Cherry Blossoms














I watch the cherry trees blossom every year. The blossoms never caught my eye until the summer of 2001. Those blossoms and the fruit they represent caused the death of a dear friend.

I grew up in a small village in Germany. Buch, translated “book”, is nestled in the countryside of Bavaria and supplied a wonderful stomping ground for me and my brothers. We were surrounded with open fields and inviting woods and wonderful people. Friedl and Johann were our neighbors. The first time I met Freidl was when I needed some sugar. She gladly gave me more than I needed. Her husband, Johann, sported mutton chops and a friendly smile. He had helped build a part of Hitler’s beginnings of the Third Reich Empire in Nuremburg—a fact he was not proud of.

Friedl and Johann loved to garden. Their house was surrounded by flowers and shrubs and plants. Their cherry tree was the biggest and healthiest I’d ever seen. When they saw we were sprucing up our garden plot, they handed over plants galore. Almost every day, Friedl would lean over the fence with a sapling of some species. Some mornings, we’d just find the flowers or shrubs sitting on our side of the fence, waiting for us.

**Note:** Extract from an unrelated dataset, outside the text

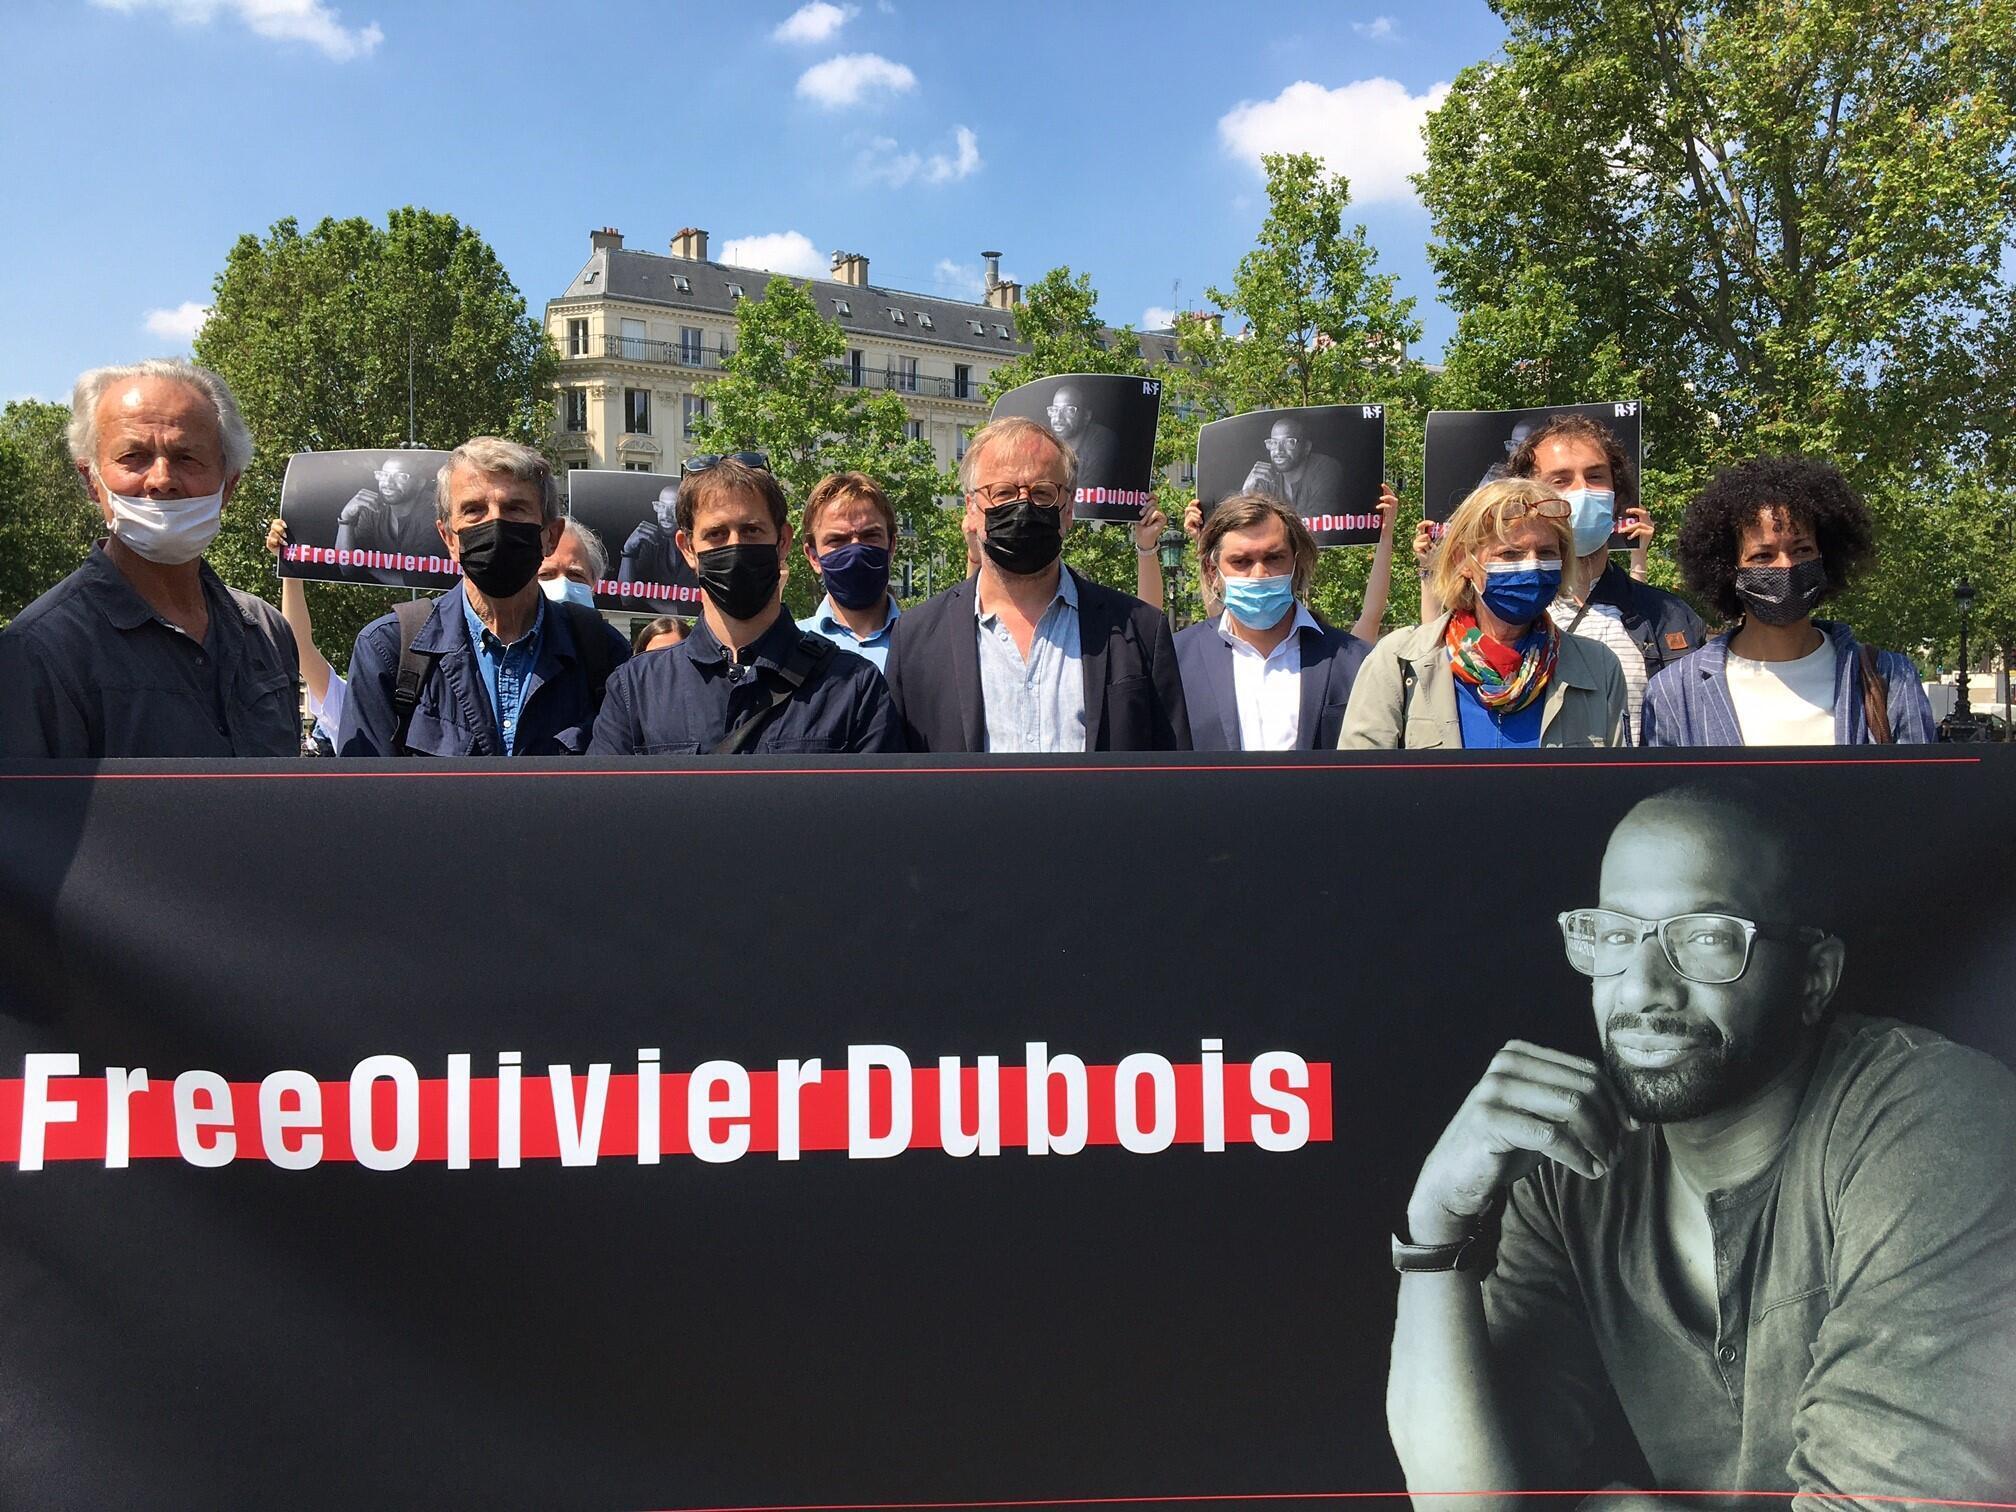 Dubois 3

Our back yard held a heating oil tank for the heaters in the house. It devoured most of the backyard, but the side area was open. My brother, David, and I planted a garden there. The ground broke up unwillingly. Our edges were uneven and sloppy. But Johann didn’t care. He would stand and watch us work. He directed us on the tomato plants, the lettuce, the onions, and the radishes. His garden like the Hanging Gardens of Babylon mocked our pauper’s patch. But he never disparaged us, just gladly gave his tools for us to use. “What’s mine is yours,” he said, his smile widening his whitened muttonchops. David accepted the handheld plow. Johann popped a cherry tomato in his mouth. “They’re better this way,” he said. “Fresh out of the garden.” He motioned to his radio that sat in front of his tool shed. “You should get some music for your garden. It helps the plants grow.” Then he went back to his own plot, whistling a nameless tune. I would often see him sitting next to the cabbages with the radio next to him. Classical music played as the cabbages grew. Sometimes he would turn his music off and listen as David or I belted out our practice songs from the violin, trumpet, and piano. He would cup his hand over his ear, drinking in every sharp and flat note.

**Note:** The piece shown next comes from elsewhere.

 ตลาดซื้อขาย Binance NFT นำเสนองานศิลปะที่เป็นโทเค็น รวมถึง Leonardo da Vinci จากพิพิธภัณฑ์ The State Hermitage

None of our produce was extremely successful. Johann made up the difference, supplying us with zucchini and cucumbers and various sorts of lettuce. His generous heart was displayed in his produce. When my grandparents visited Germany from Indiana, Johann’s main communication was a gift from the garden.

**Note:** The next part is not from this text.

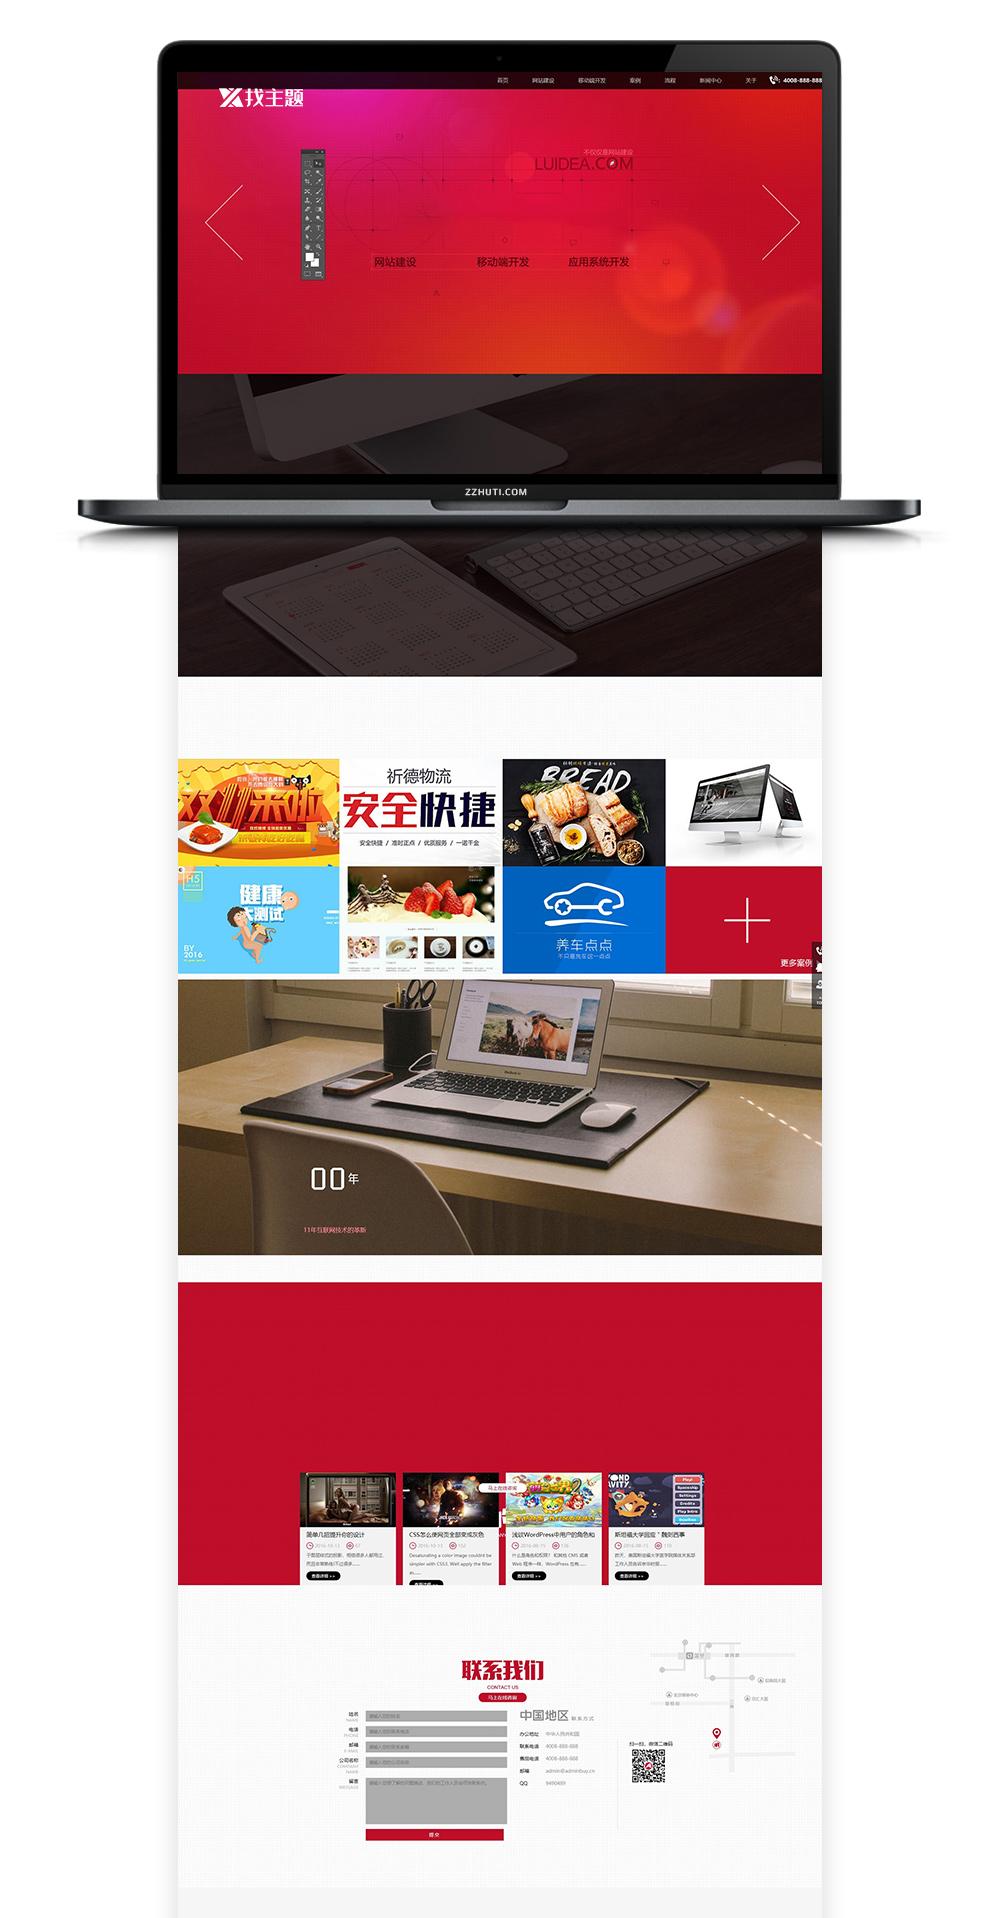 【网络工作室】织梦cms模板 红色网站源码 自适应手机版-找主题源码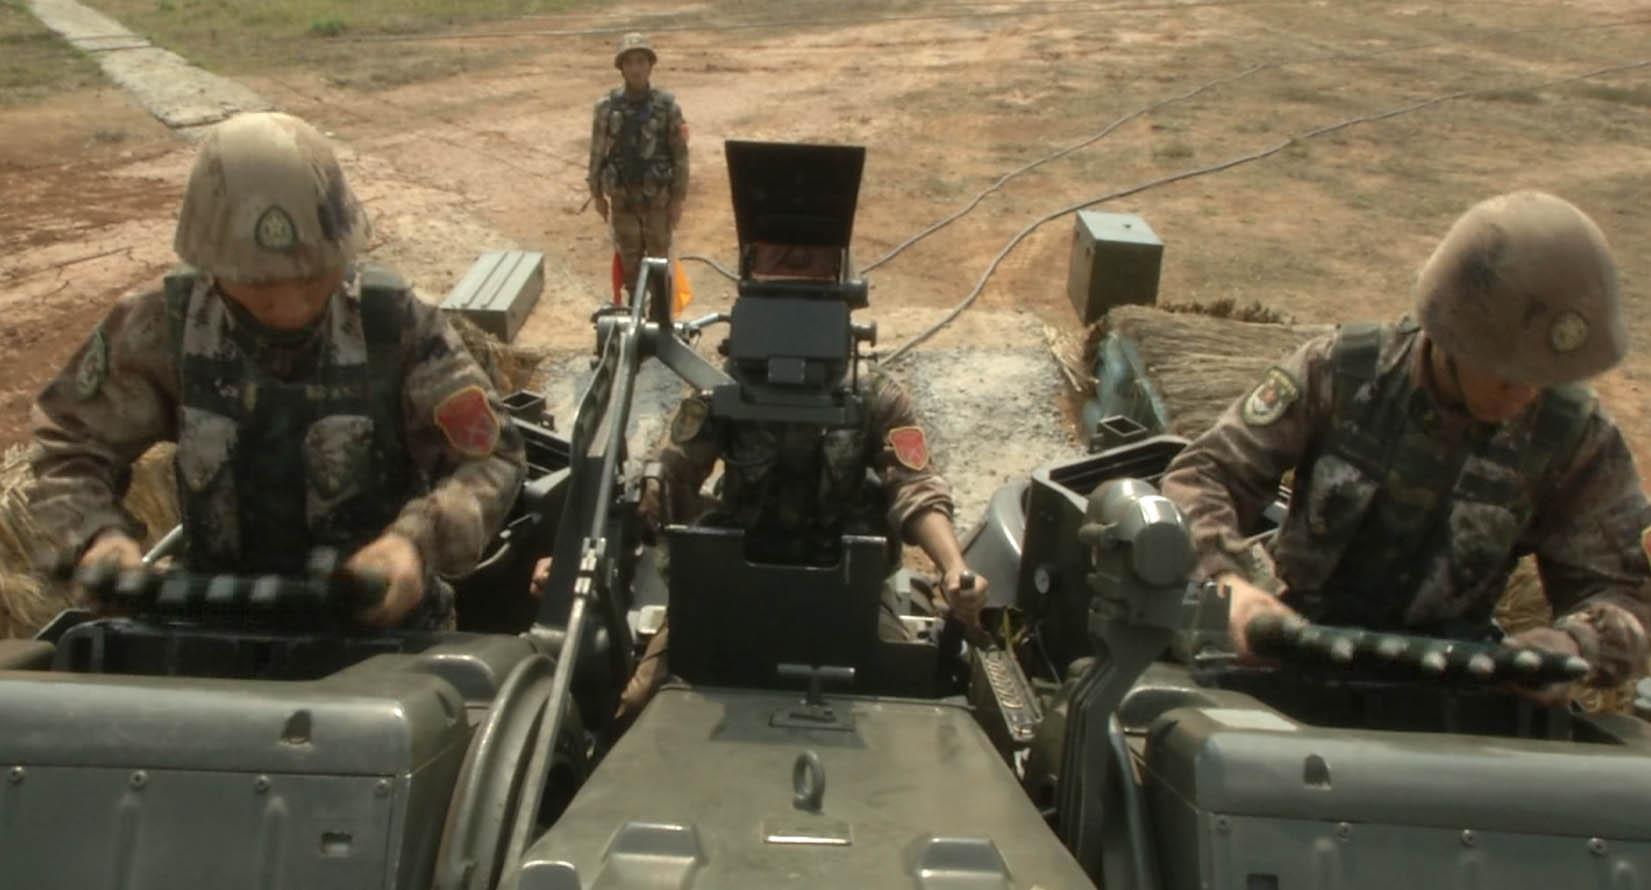 中国解放军今天在中缅边境实弹演习 (组图)

He couldn’t sit still for long. When we enjoyed coffee and cake together, he would only nibble and be gone, if he ate at all. I would see him sometimes in the early morning, eating toast and several kinds of jelly. Other than those moments, I wonder if he really ate or just worked. Often my family would be sitting on our patio, eating dinner, and he would walk past us. He’d wave and call, “Mahlzeit!”, translated, “Have a good meal!”

Some days, we would talk over the fence about religion. Johann spread his hands in front of him.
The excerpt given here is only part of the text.